**Problem:** Produce a word-for-word copy of the listing below without its pictures.

**Provided material:**
########################################

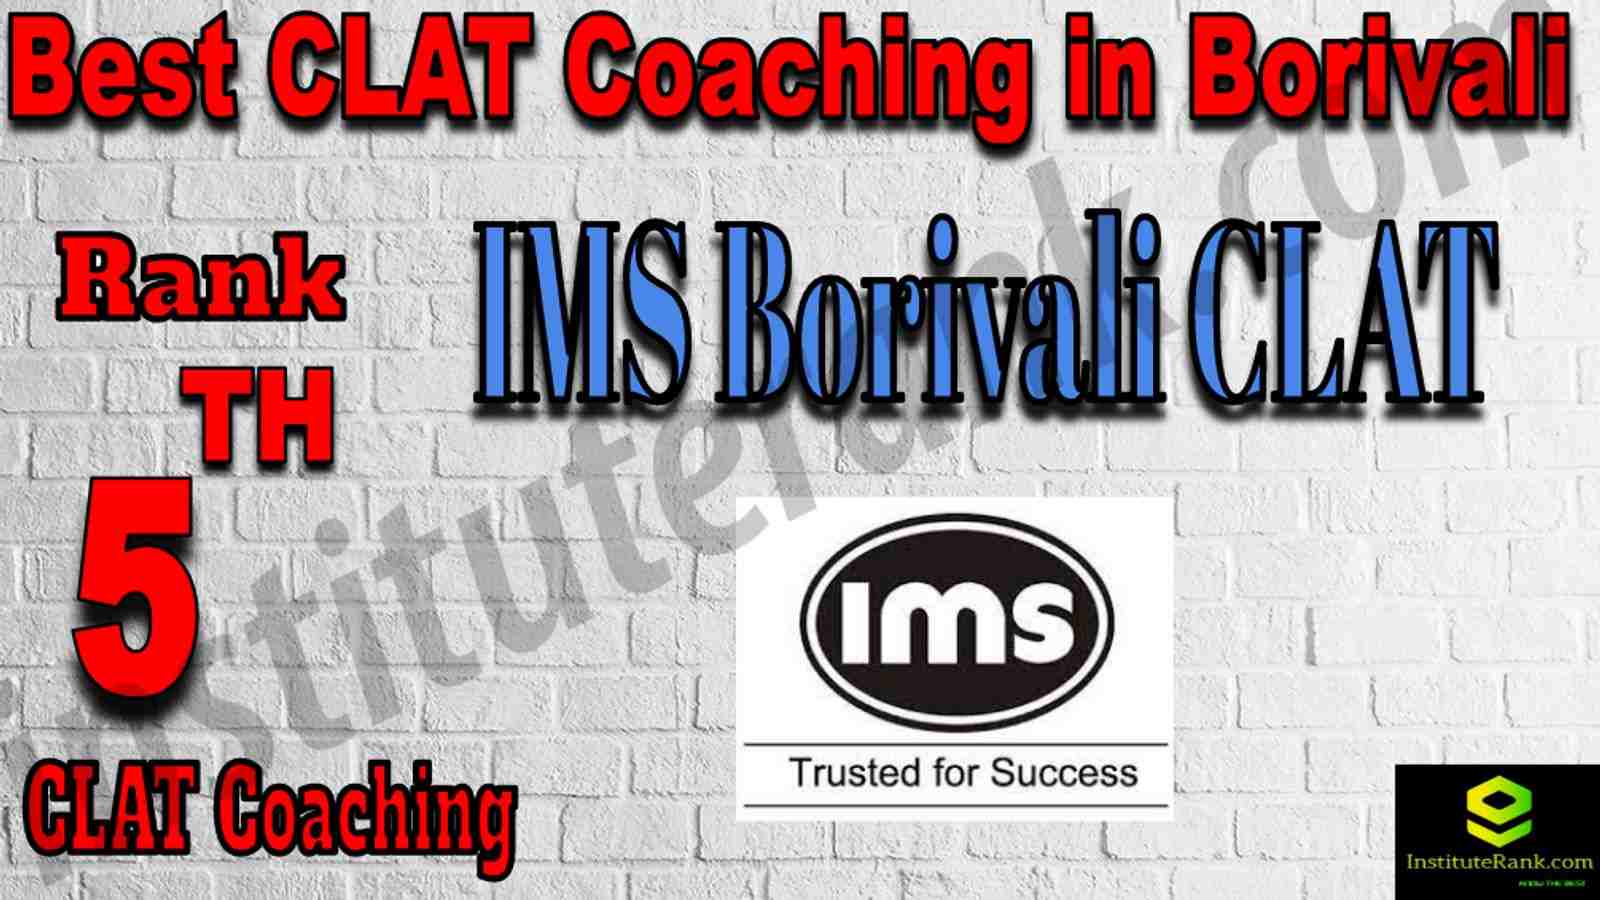 5th Best CLAT Coaching in Borivali
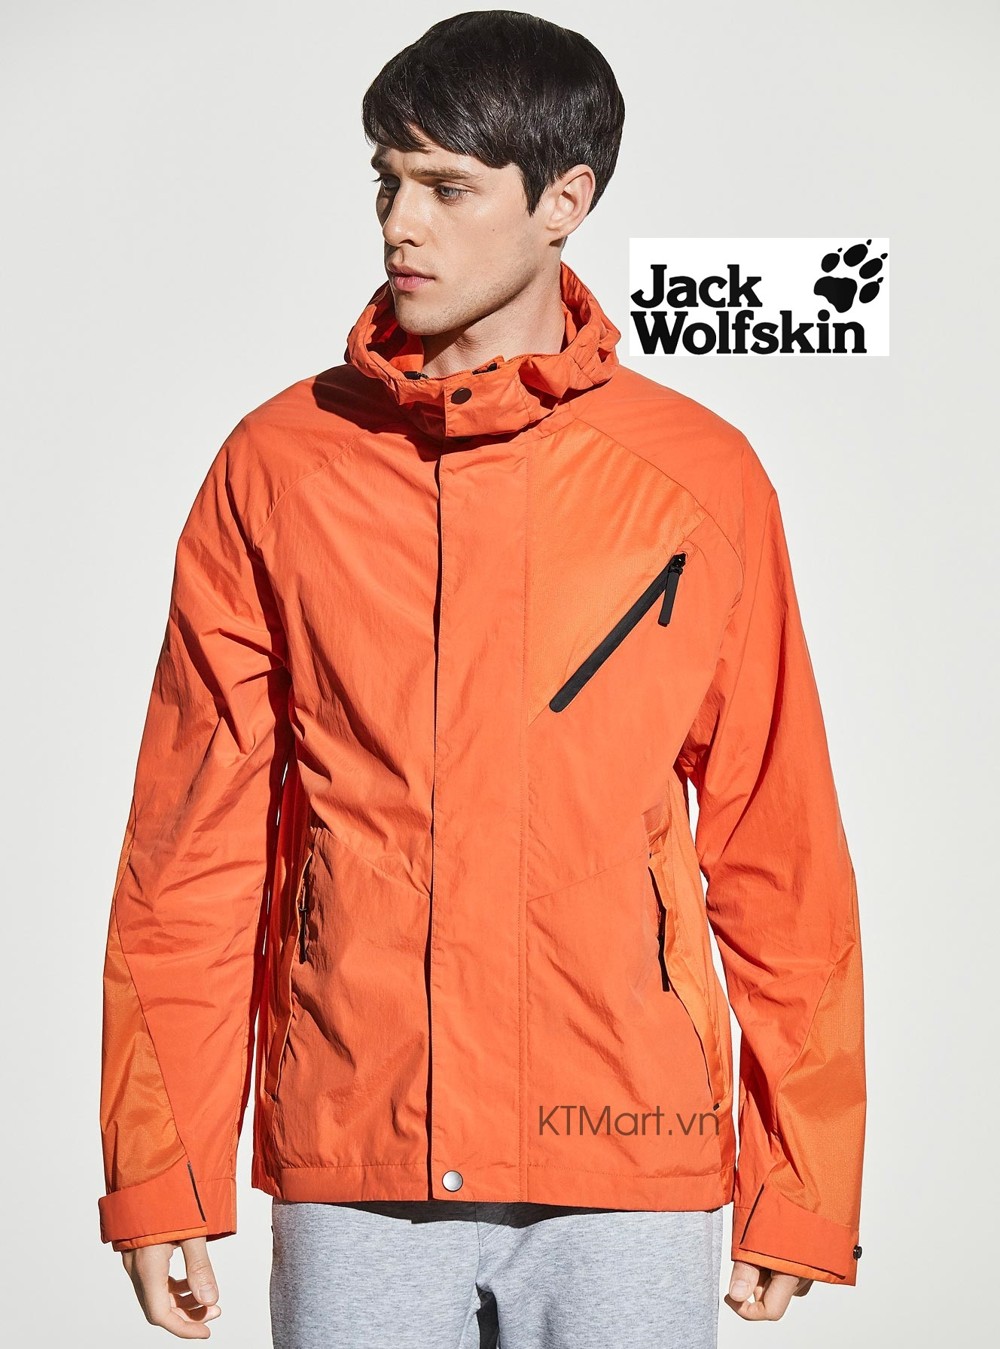 Jack Wolfskin Windhoek Jacket M Windproof Jacket 1306631 Jack Wolfskin Tech Lab size S, L
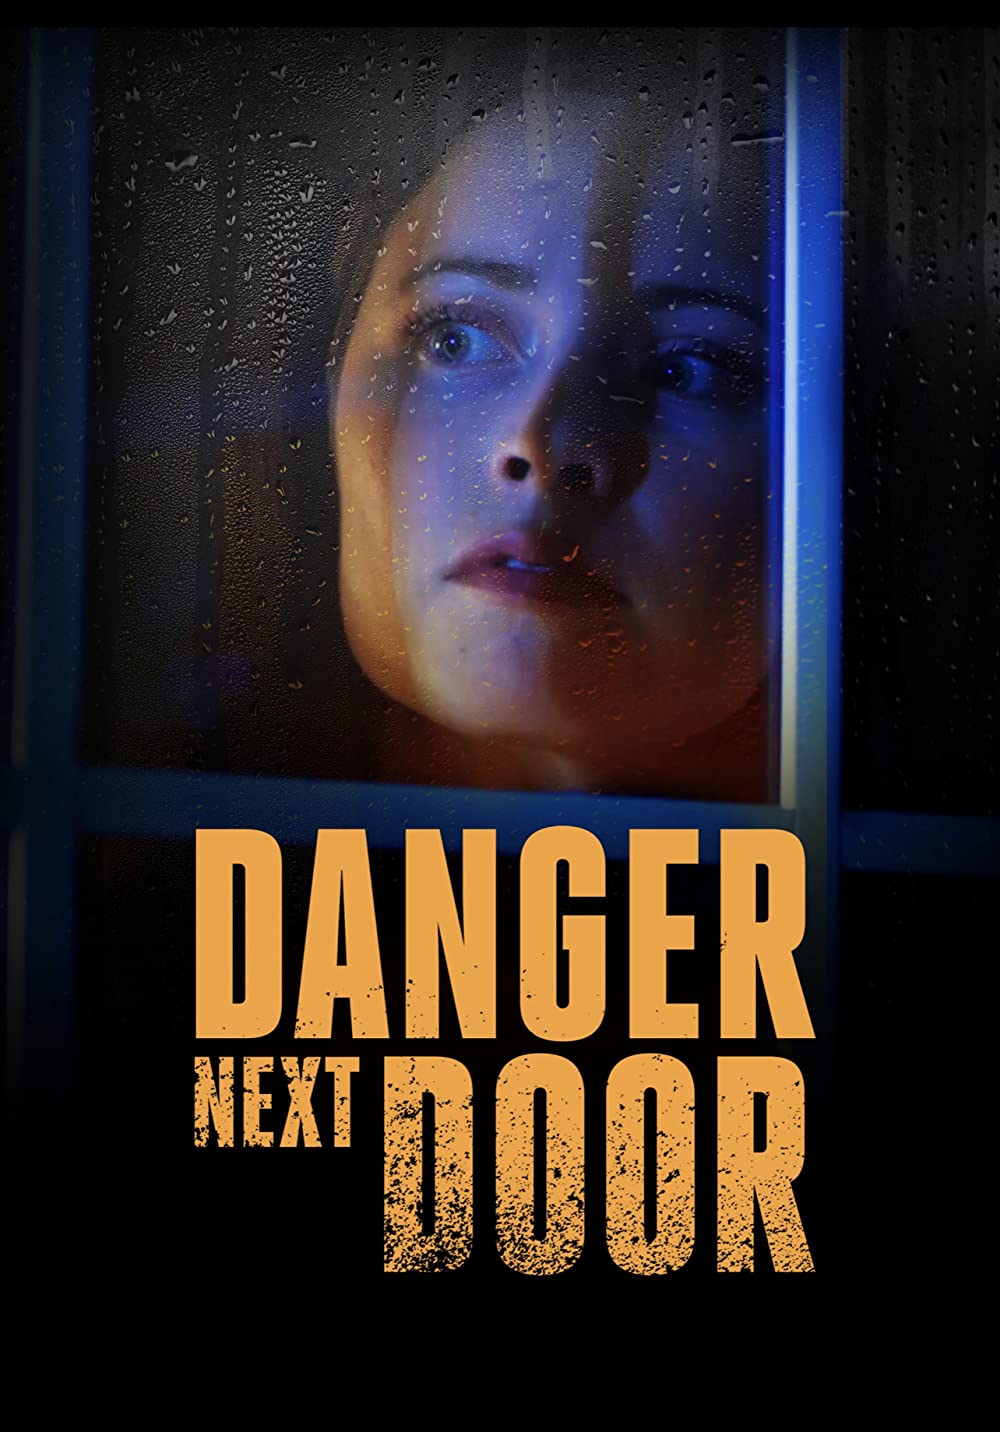 ดูหนังออนไลน์ฟรี The Danger Next Door (2021) เดอะแดนเจอร์ เน็กดอร์
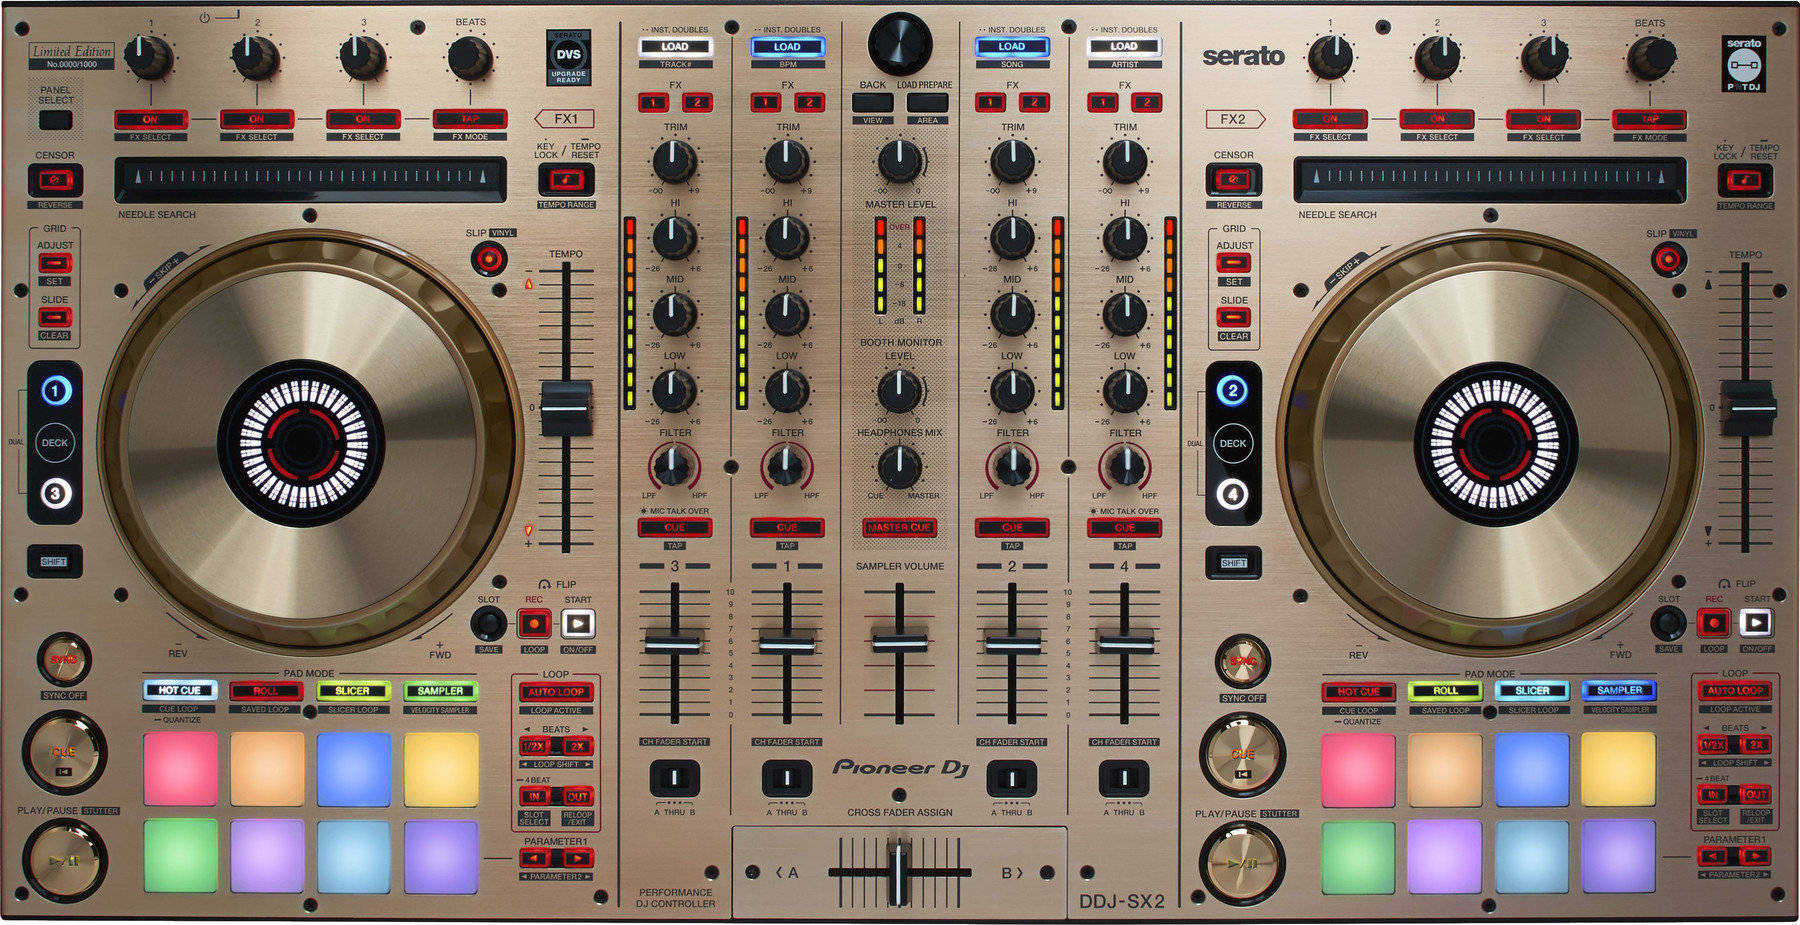 DJ kontroler Pioneer Dj DDJ-SX2-N

########################################

**Expected output:**
 5th Best CLAT Coaching in Borivali
 Jack Wolfskin Windhoek Jacket M Windproof Jacket 1306631 Jack Wolfskin Tech Lab size S, L
 ดูหนังออนไลน์ฟรี The Danger Next Door (2021) เดอะแดนเจอร์ เน็กดอร์
 DJ kontroler Pioneer Dj DDJ-SX2-N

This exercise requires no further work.